AI Glossary: What Is SELU Activation? Definition & Meaning

L'Unité Linéaire Exponentielle Échelonnée (SELU) est un fonction d'activation used in réseaux neuronaux, particularly in apprentissage profond models. It was introduced to help address issues of vanishing and gradients explosifs that can occur during training. The SELU function is defined mathematically as follows:

Pour une entrée x, the output f(x) est :

f(x) = λ * (x if x > 0 else α * (exp(x) – 1))

où :

λ (lambda) est un facteur de mise à l'échelle, généralement fixé à environ 1,0507.
α (alpha) est un paramètre, habituellement autour de 1,6733.
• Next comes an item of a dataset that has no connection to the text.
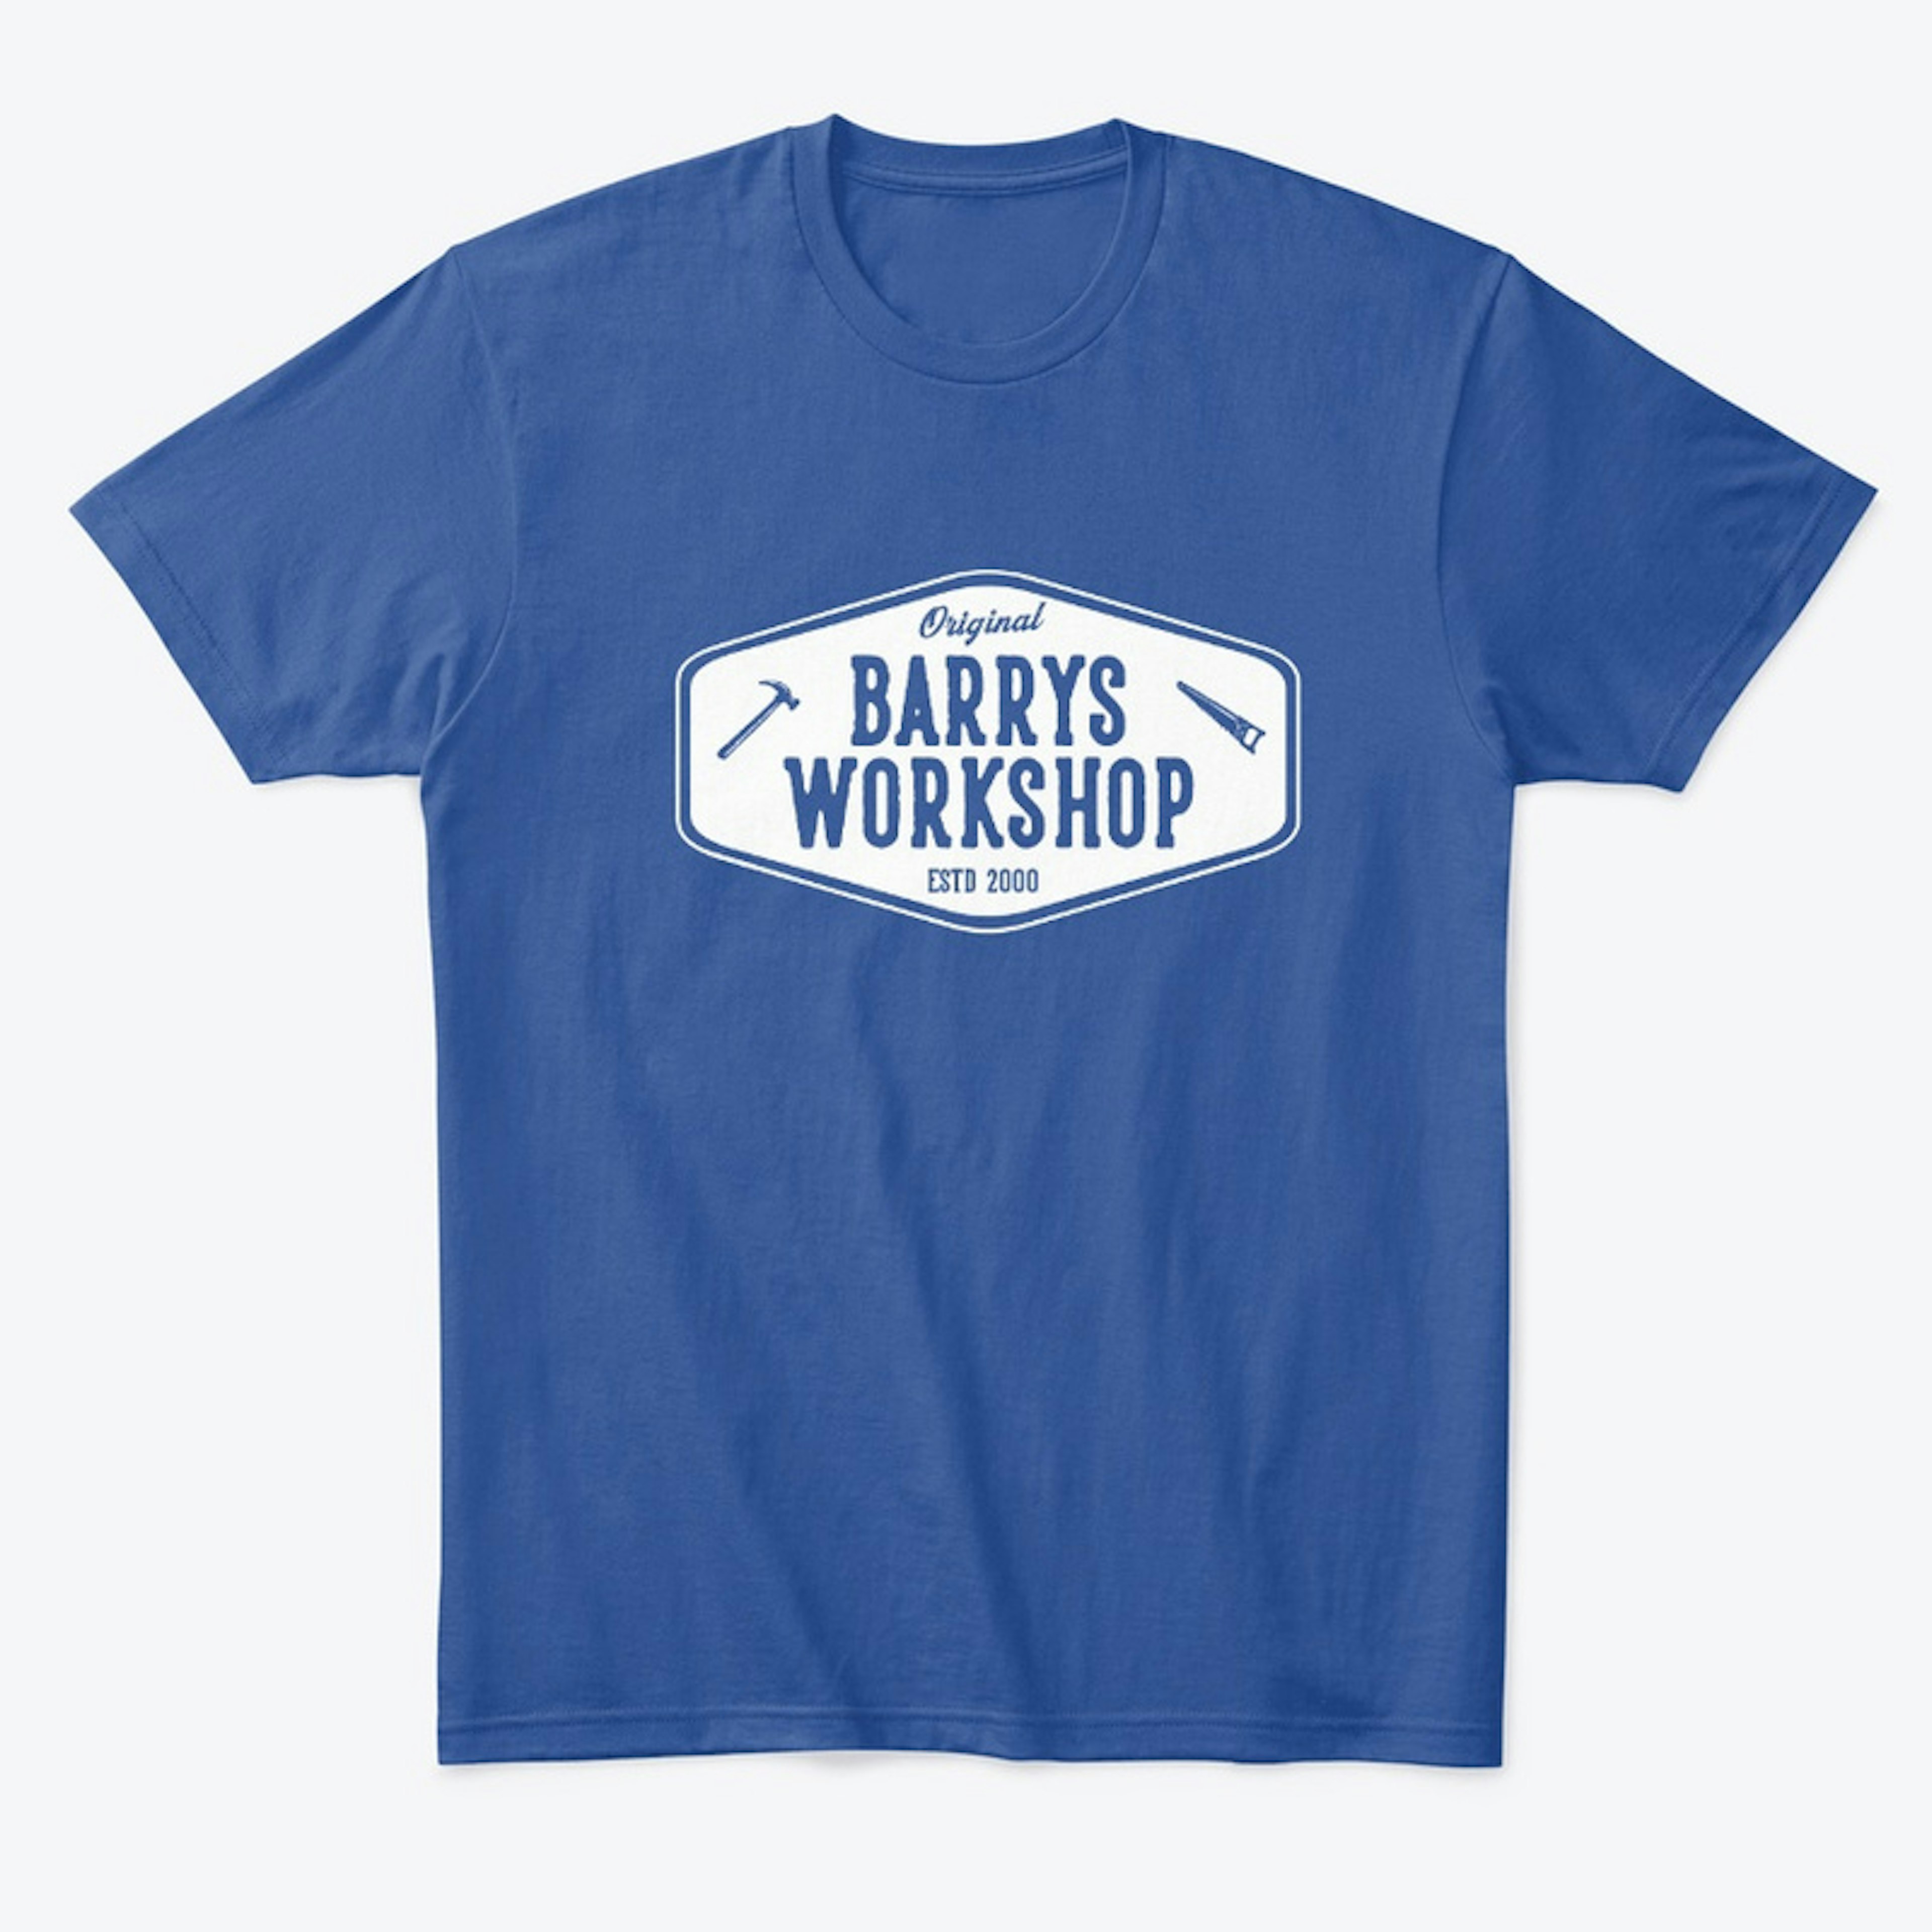 Barry's Workshop T-shirt

SELU has a unique property of self-normalization, meaning that when used appropriately in a network, it helps maintain the mean and variance of the activations close to zero and one, respectively. This property facilitates faster convergence during training and can improve overall performance du modèle.

To effectively use SELU, it is recommended to initialize the weights of the neural network using the LeCun normal initialization method and to avoid dropout layers, as SELU is designed to work best in fully connected architectures without such techniques de régularisation.

Overall, the SELU activation function is particularly beneficial for deep networks, as it helps stabilize the training process and can lead to better generalization sur des données non vues.